Denis Dyack, co-founder and president of St. Catharines, Ont.-based game developer Silicon Knights, agrees. Dyack and his staff chose an audio tool called Wwise that was developed in Montreal by a small local firm, Audiokinetic, to help put together the musical score for its upcoming game Too Human.

Dyack says he was sold after he saw it in action at a conference for game developers earlier this year.

"AudioKinetic has created a tool set that removes much of the technical stresses and limitations our audio designers and musicians encounter when scoring a game, allowing them to focus more on creativity."

New platforms, new challenges

The challenge for developers today lies in understanding what the limits are for the new generation of game consoles, Sony's PlayStation 3, Microsoft's Xbox 360 and Nintendo's Wii.

Autodesk knows this first-hand. The software developer has been a mainstay in the gaming space as part of its Media and Entertainment Division through its two Canadian offices in Toronto and Montreal. The company's development tools have been used in popular Canadian-made titles such as Need for Speed: Most Wanted, developed by Electronic Arts' studio in B.C., and Rainbow Six: Vegas, developed by Ubisoft in Montreal.

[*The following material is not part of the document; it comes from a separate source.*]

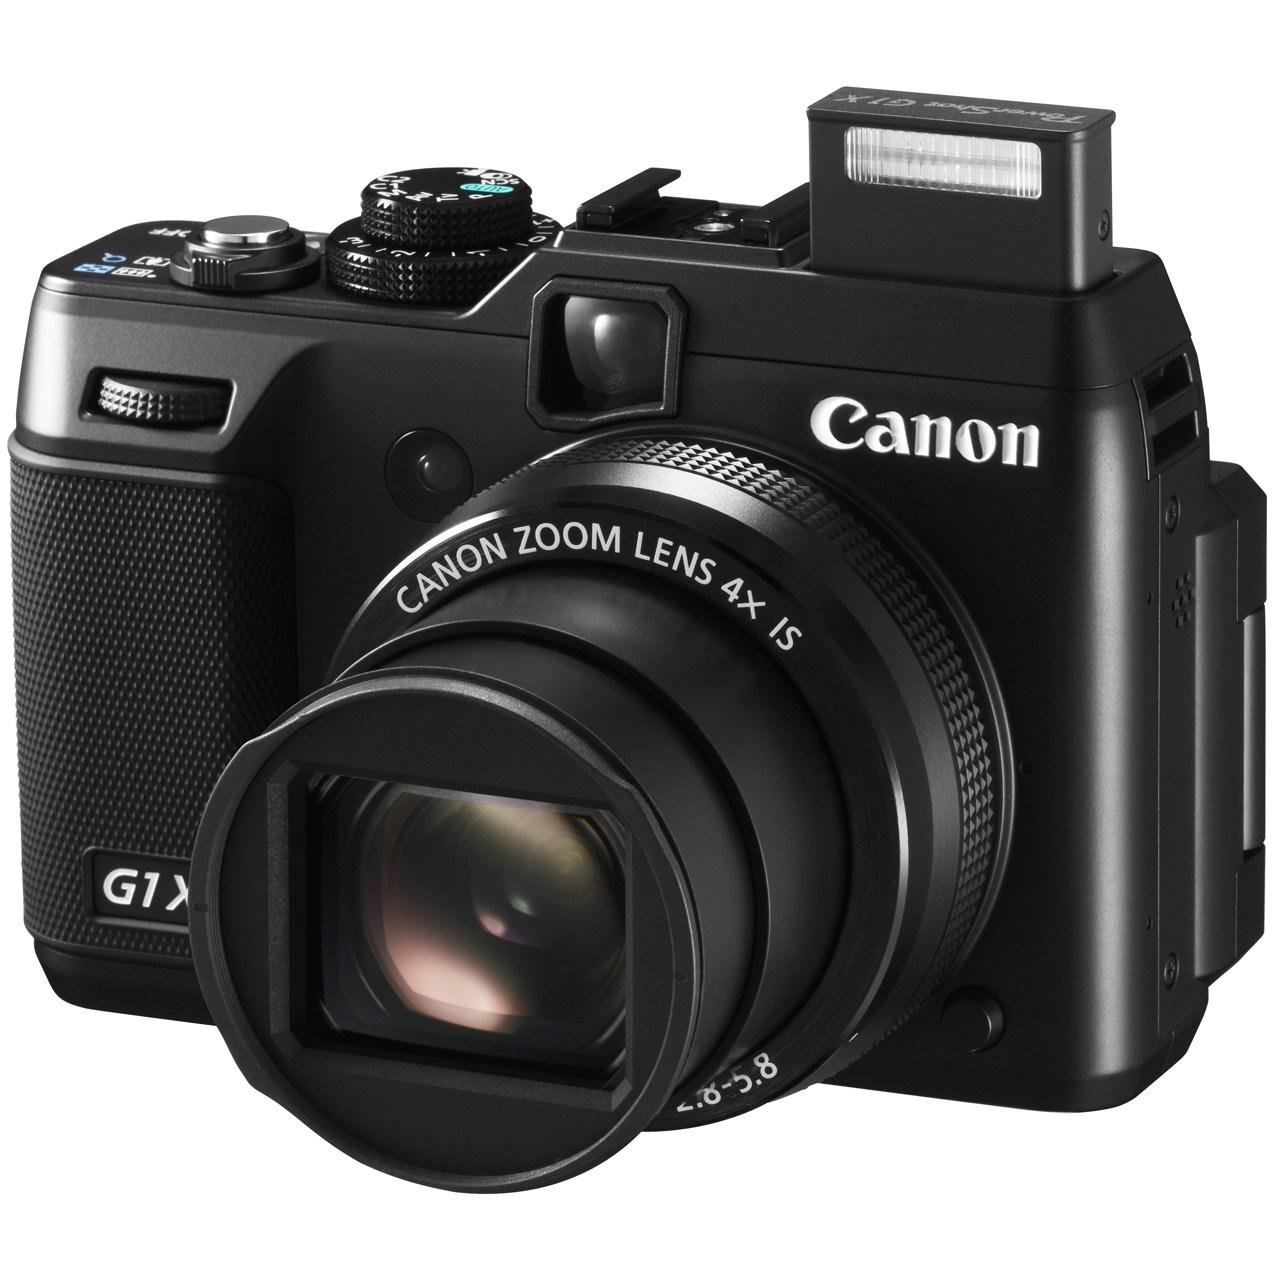 دوربین دیجیتال کانن مدل پاورشات G1X

"The new consoles have put an enormous burden on game developers, so they're looking for a more integrated set of technology to help them get over that hump," says Sébastien Lavier, senior product manager at Autodesk's Media and Entertainment division.

"We have an agreement with Ubisoft where one of our employees provides on-site support on a daily basis, so that the staff there won't run into any major problems with our tools."

That sort of intimate helping hand may just be a microcosm for the flourishing homegrown collaborations that are helping to grow the gaming industry on the middleware side.

And as games become more complex, it bodes well for Canada's increasing role as a supplier of the cutting-edge software and expertise that give video games their "wow" factor and appeal.

"Canadian companies have always been a worldwide contributor, so the more of us get involved in the industry, the better it is for the country," Dyack says.